#### WHAT IS EXPECTED:
Please restate every line below exactly, without any pictures.

#### COLLECTED MATERIAL:
------------
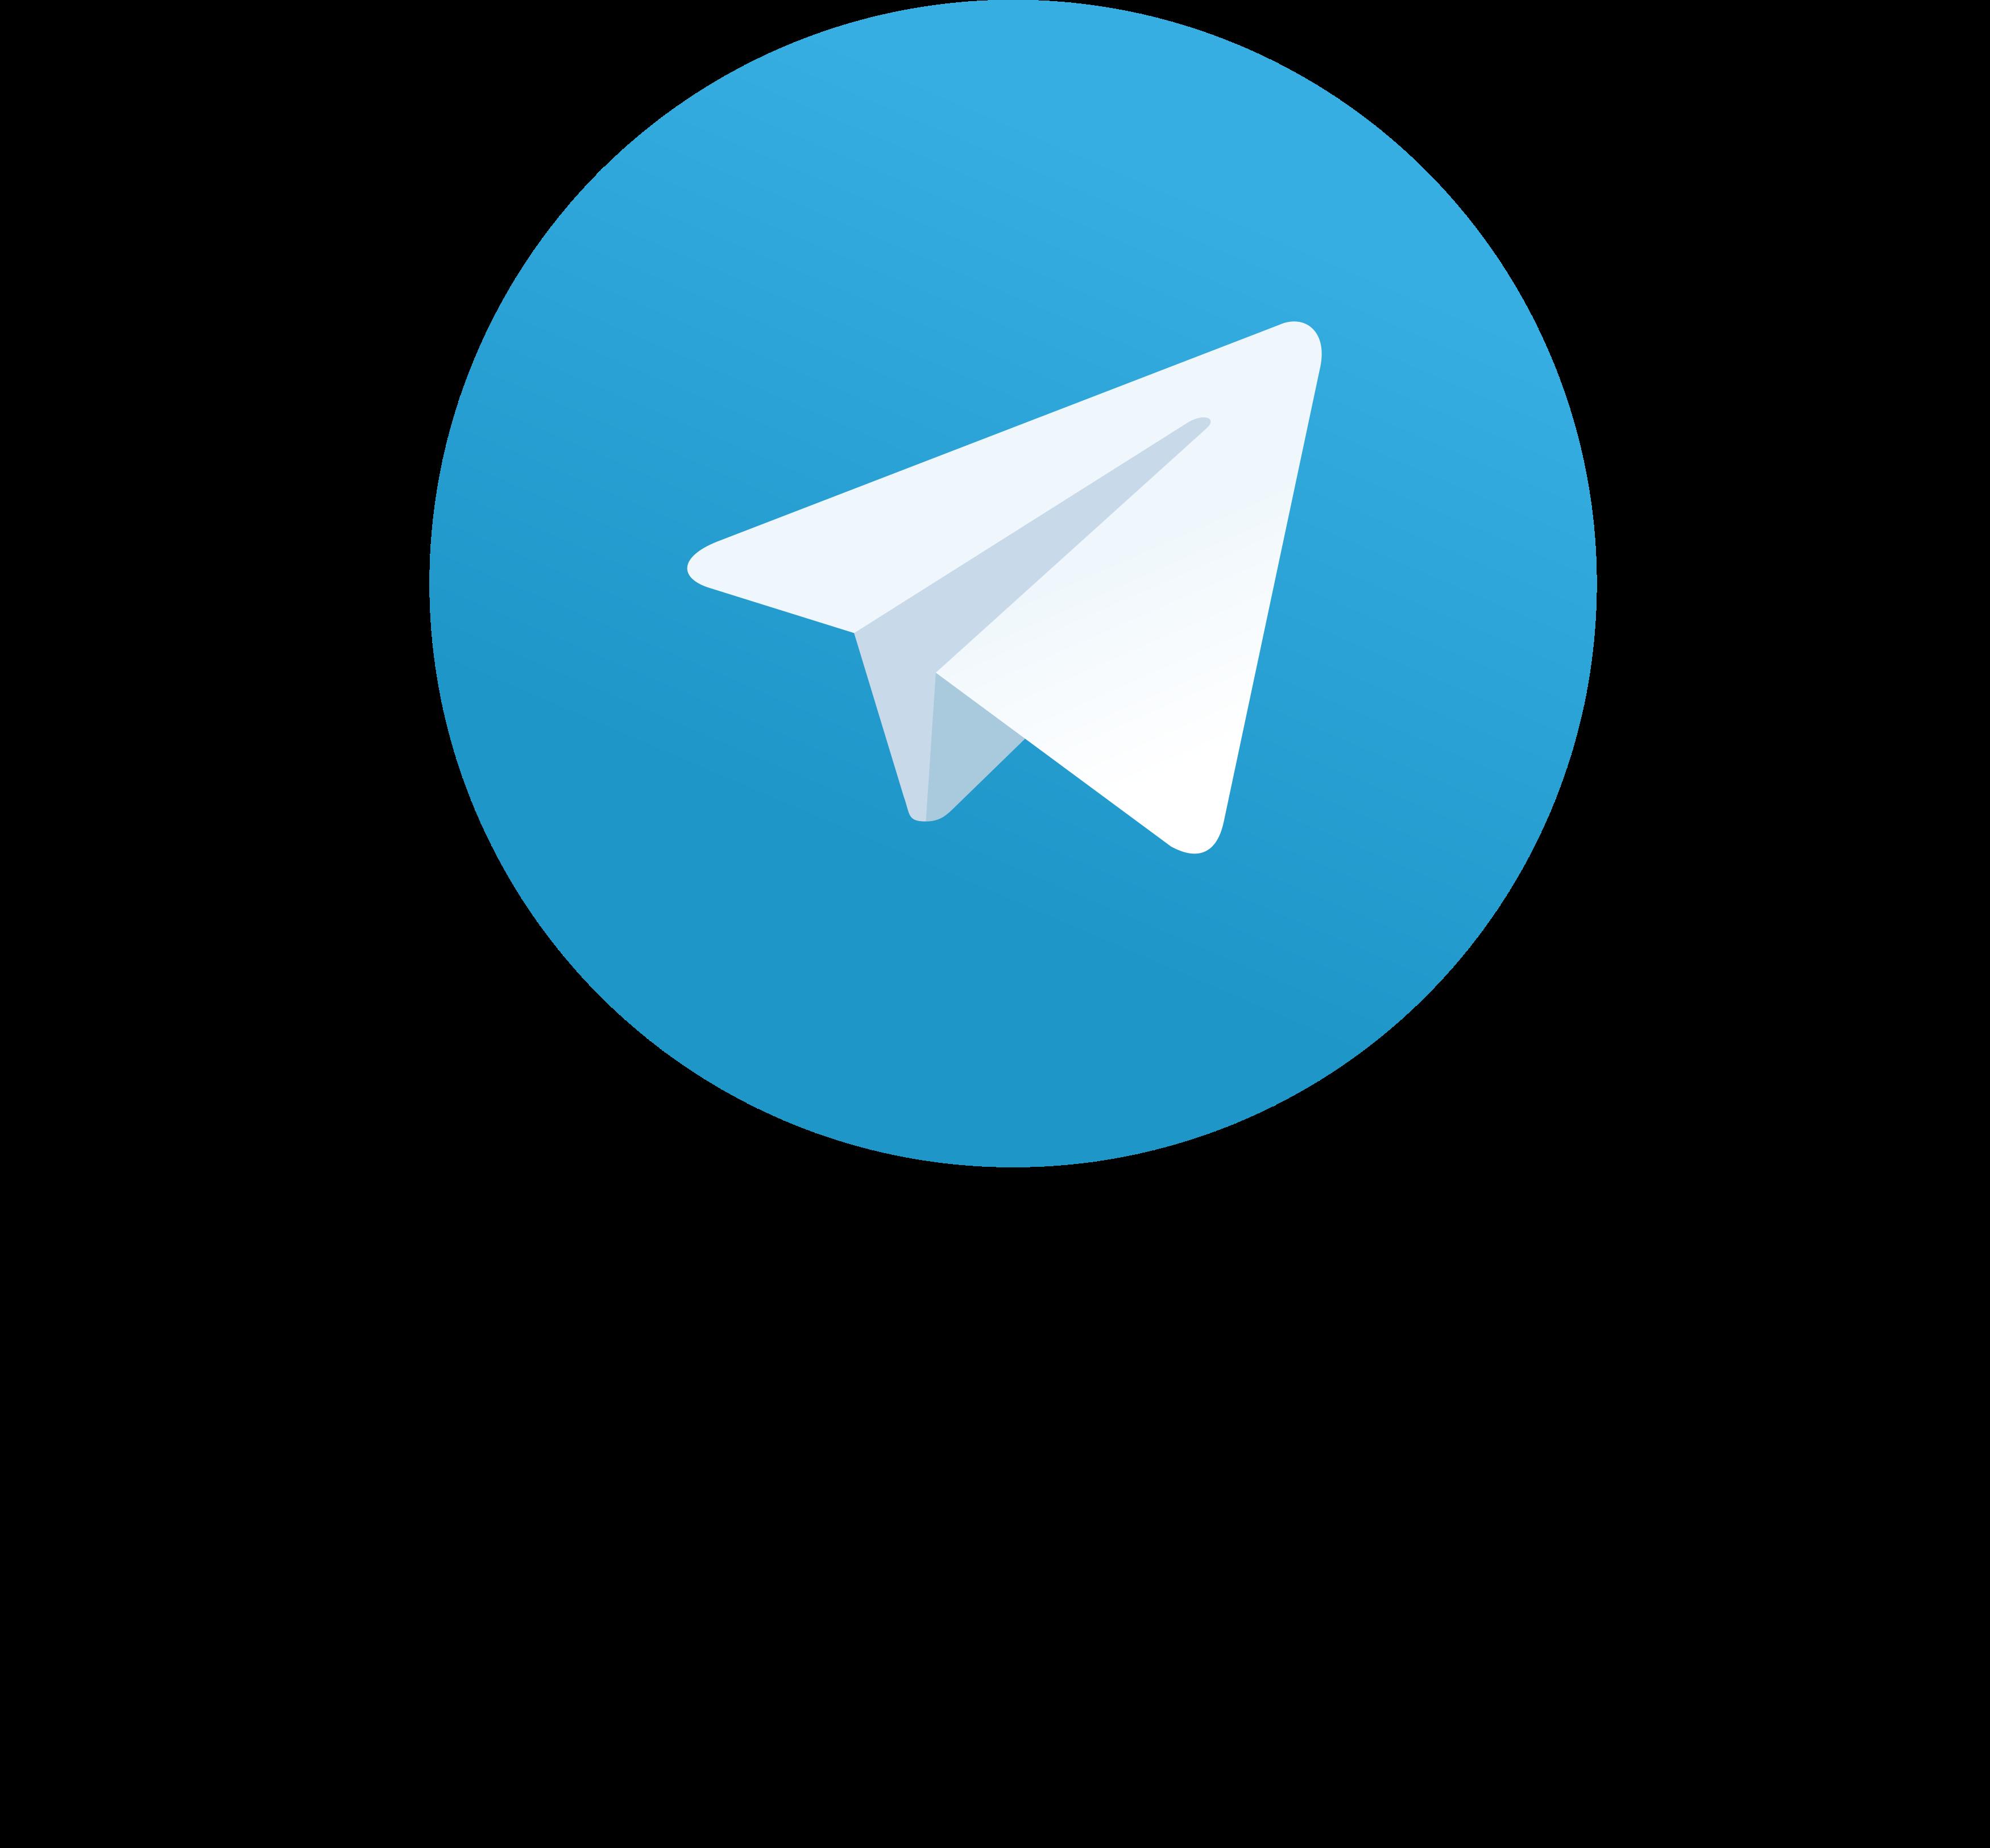 Телеграм группа сайта urjar.kz для обсуждение
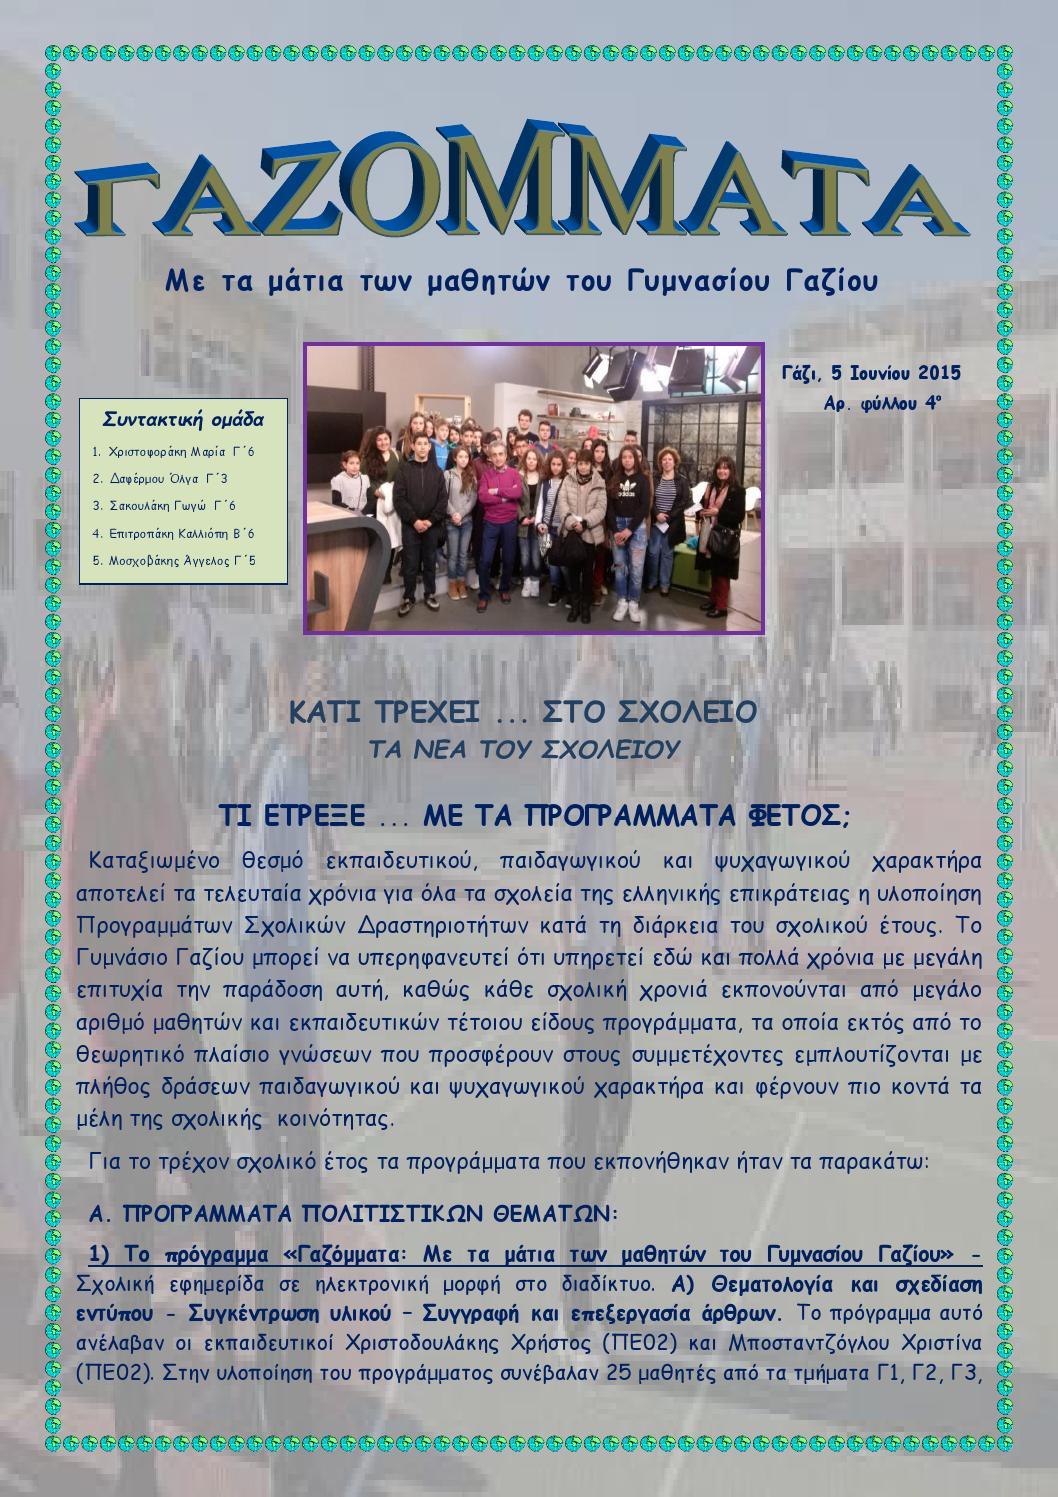 Εφημεριδα 2014 15 γαζομματα (5 6 2015) by ΓΑΖΟΜΜΑΤΑ - issuu e2ab44abbb6
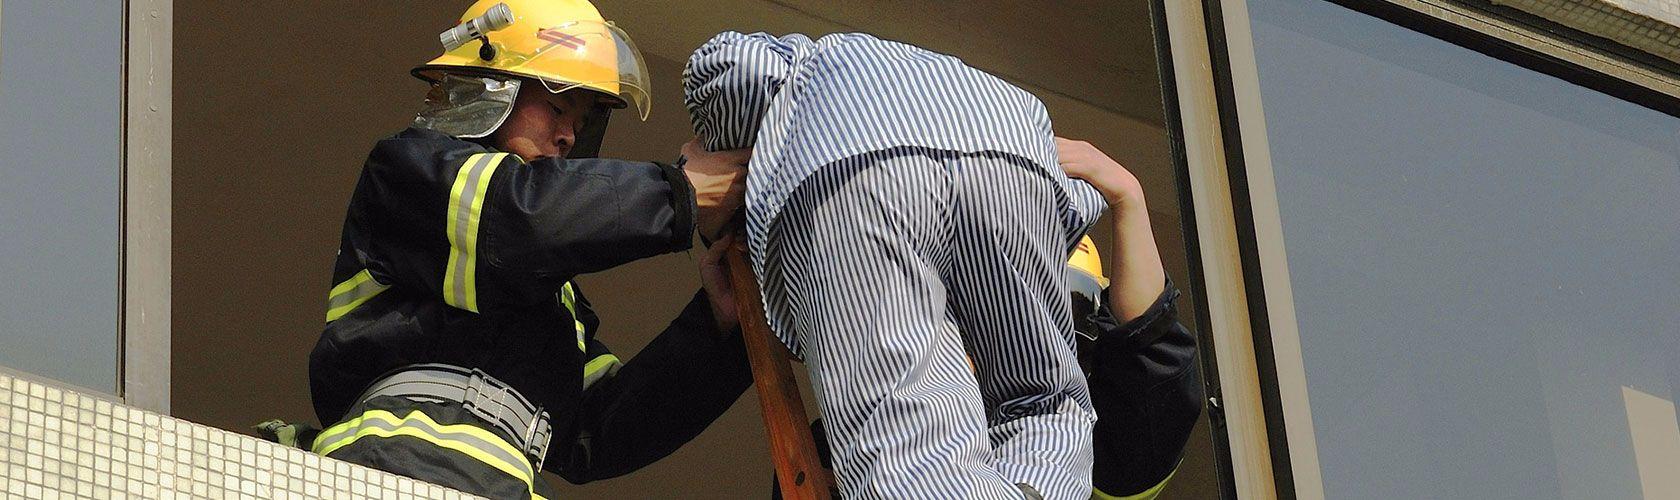 Zu unserer Brandschutzberatung gehört auch die Fluchtübung mit Brandschutzhelfern
------------
#### ANSWER FOR THE TASK:
 Телеграм группа сайта urjar.kz для обсуждение
 Εφημεριδα 2014 15 γαζομματα (5 6 2015) by ΓΑΖΟΜΜΑΤΑ - issuu e2ab44abbb6
 Zu unserer Brandschutzberatung gehört auch die Fluchtübung mit Brandschutzhelfern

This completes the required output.